3 minute read
Gustav Miller –‘never give up’
Gustav Muller, 45, executive chef of Hotel Sky Cape Town, has been in the hospitality industry for the past 26 years. He began as an inhouse trainee at the Golden Tulip at the Lord Charles Hotel in Somerset West, where he worked for four years.
After that time, he worked on cruise ships, before returning to South Africa, where he was appointed junior sous chef at the Steenberg Hotel.
Then he went abroad again, this time to Ireland, where he worked at Catherine’s Restaurant. He was then afforded the opportunity to return to the Lord Charles Hotel as executive sous chef. Then Covid hit, and everything changed.
“I started my own biltong business but it was not enough, and then I got an opportunity to run the restaurant at the Weskus Padstal.”

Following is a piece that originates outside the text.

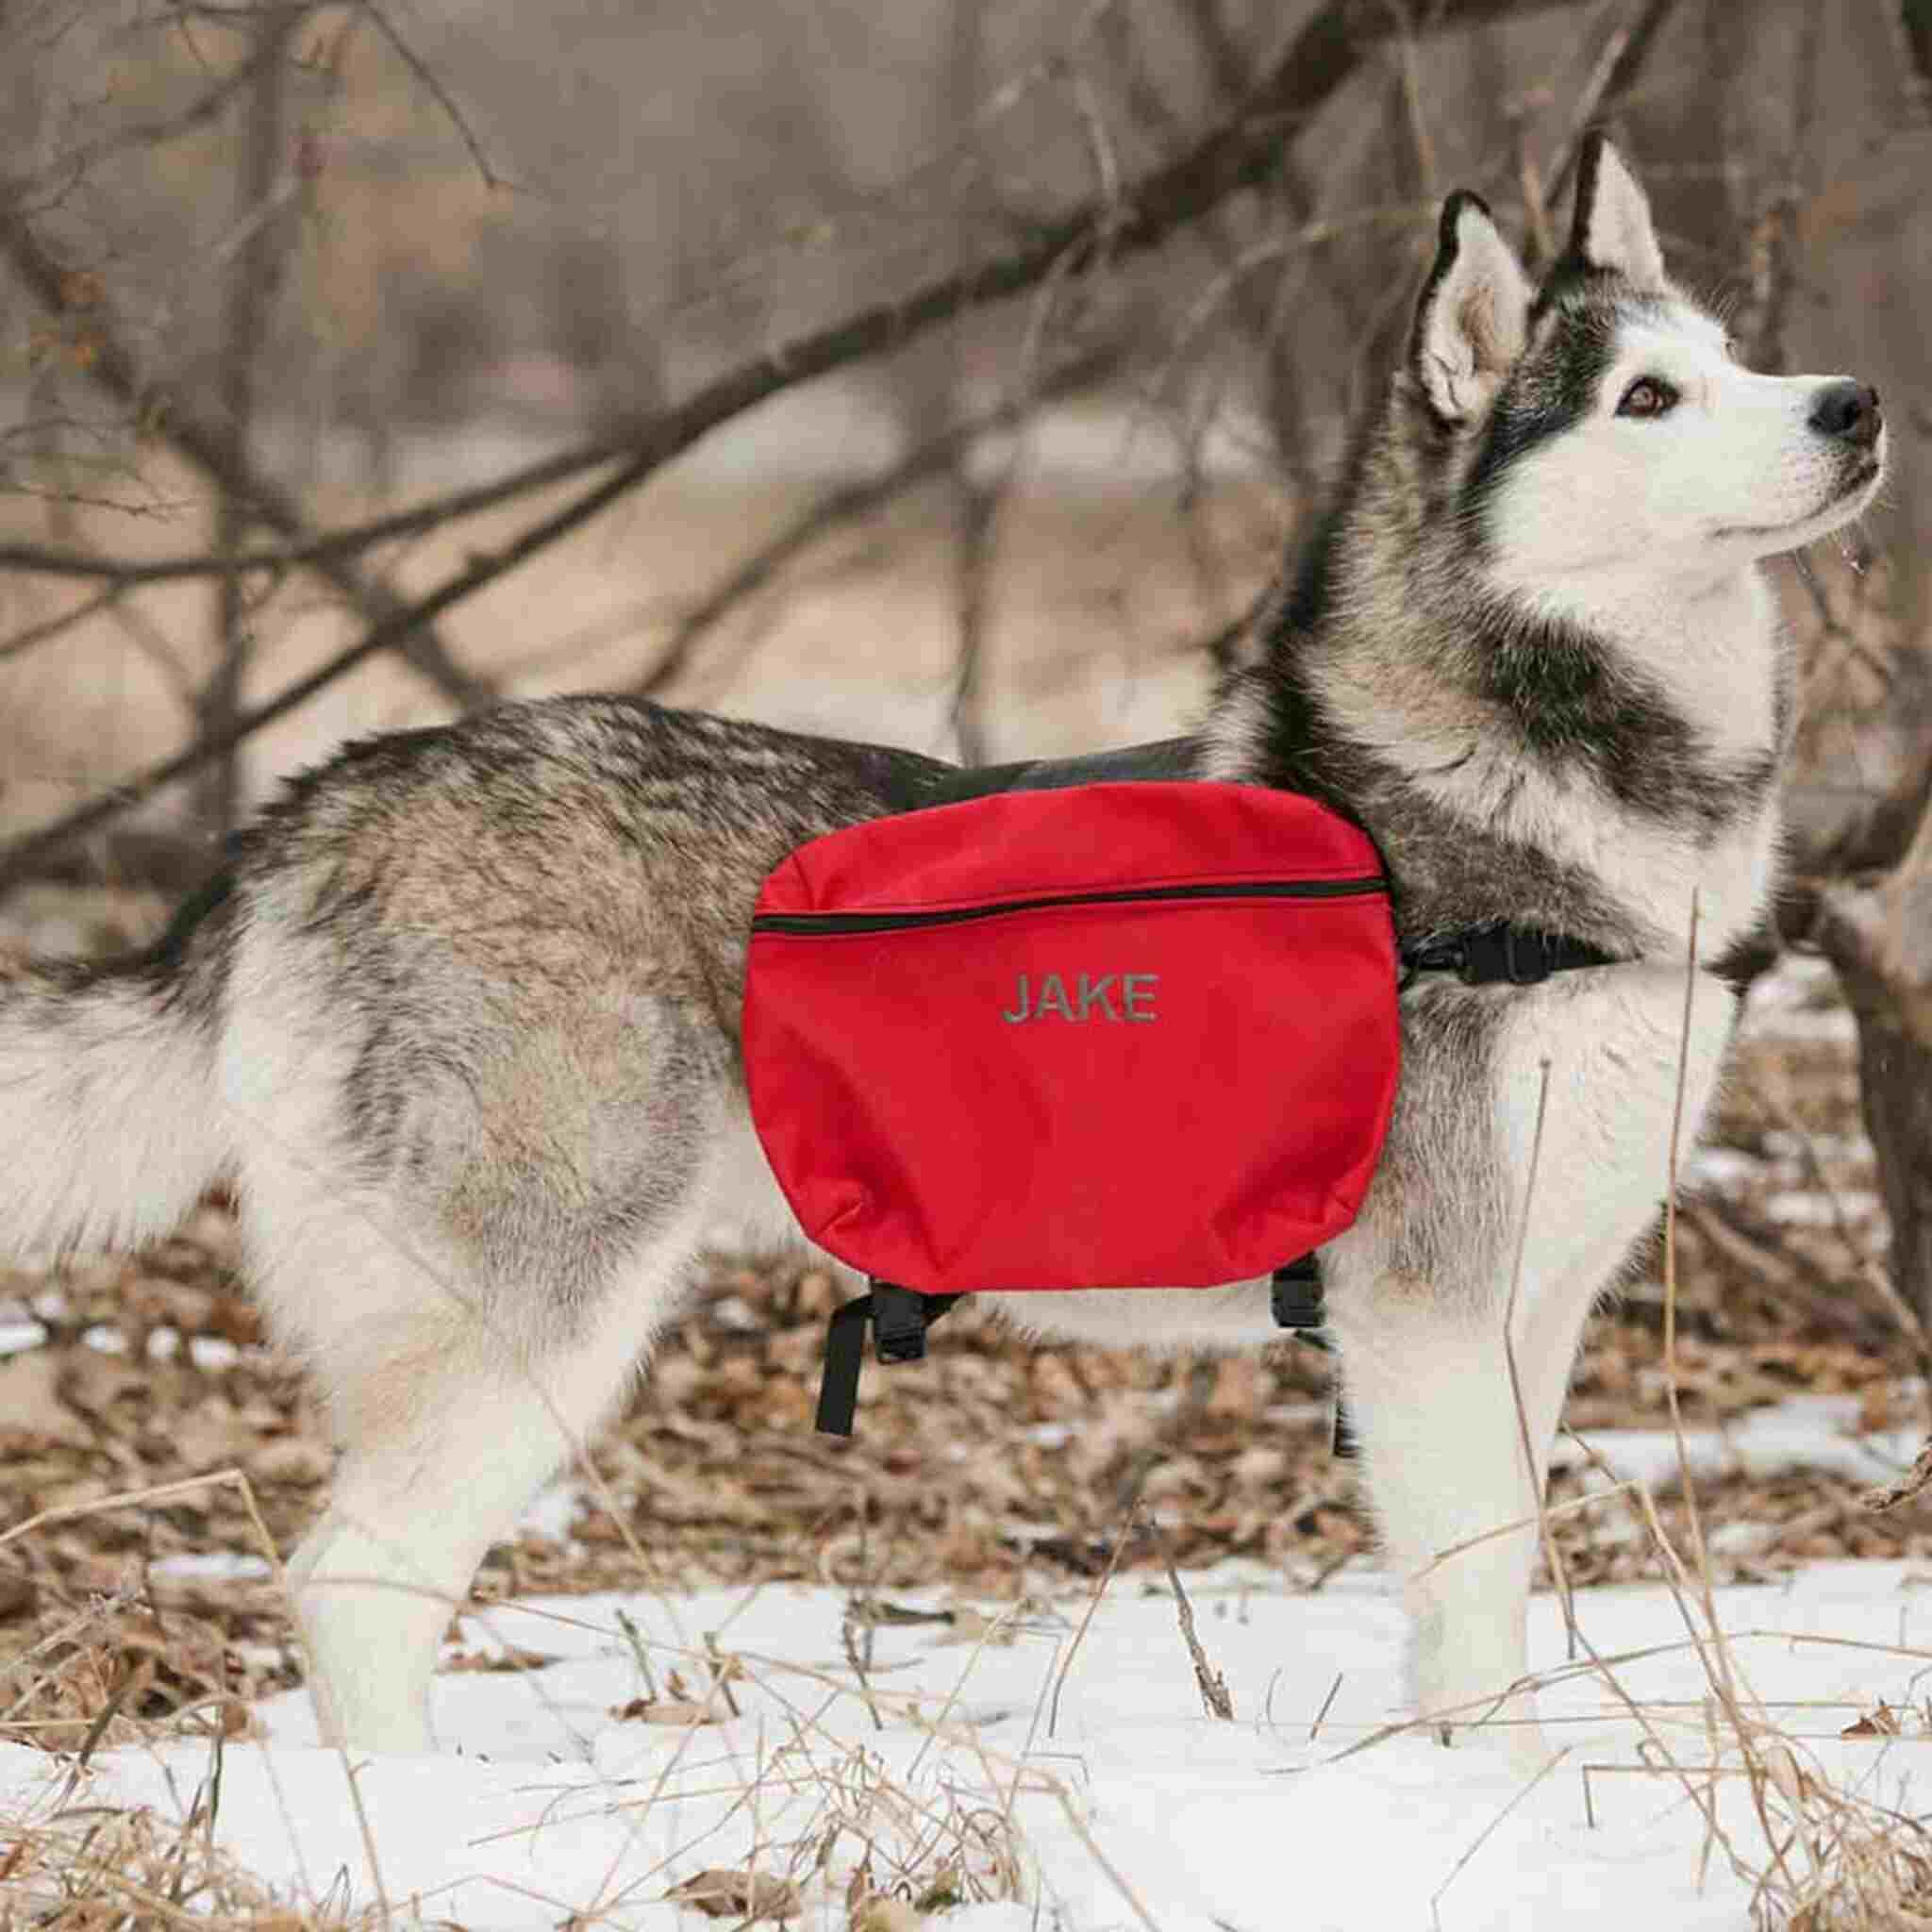 husky dog wearing red satchel

Gustav was raised in Cape Town and attended Klienmond Primary School and proceeded to Hermanus High School. After school, he completed a professional cookery course at the Cape Peninsula Technikon.
As a child, Gustav considered becoming a vet, but changed his mind at the last minute. “The rest is history.”
Gustav loves what he does because every day has a new challenge, and he gets to meet different personalities.
Looking at challenges, he mentioned that skilled chefs are unfortunately scarce, as many go overseas or go and work on cruise ships.
Looking ahead, Gustav said that he would like to build his own brand. “Over the years, I have worked with so many different executive chefs and have learned so much from them. I want to refine my own knowledge and cooking skills. Teamwork makes the dream work.”
He said that today’s guest is interested in healthier eating, and looking for less-processed foods.
Gustav is married to Machel and has two sons, Aiden, 17, and Declan, 10. He loves spending time with his family and fishing.
His advice to newcomers is: “You are going to make mistakes along the way, but it will only make you stronger. Never give up!”
What is your signature dish?
It isn’t necessarily my signature dish, but it is one of my favourites. It is spiced biltong ostrich, served with apricot chutney, Jerusalem artichokes, baby carrots and red wine jus. Any good red wine will complement this dish.
What food trends are emerging in conferencing?
There is a definite trend for tapas-style food.
What is your favourite beverage?
A good old cup of coffee.
What is your favourite food?
A good curry, but for comfort food, I love my peanut butter and syrup sandwich.
What is your great love?
My great love is my wife and two children. I love them to bits.
Are you adventurous?
I used to be. I am at that stage in my life where I have to be more responsible. I still love swimming out to the reefs, to go fishing, and sometimes see big sharks.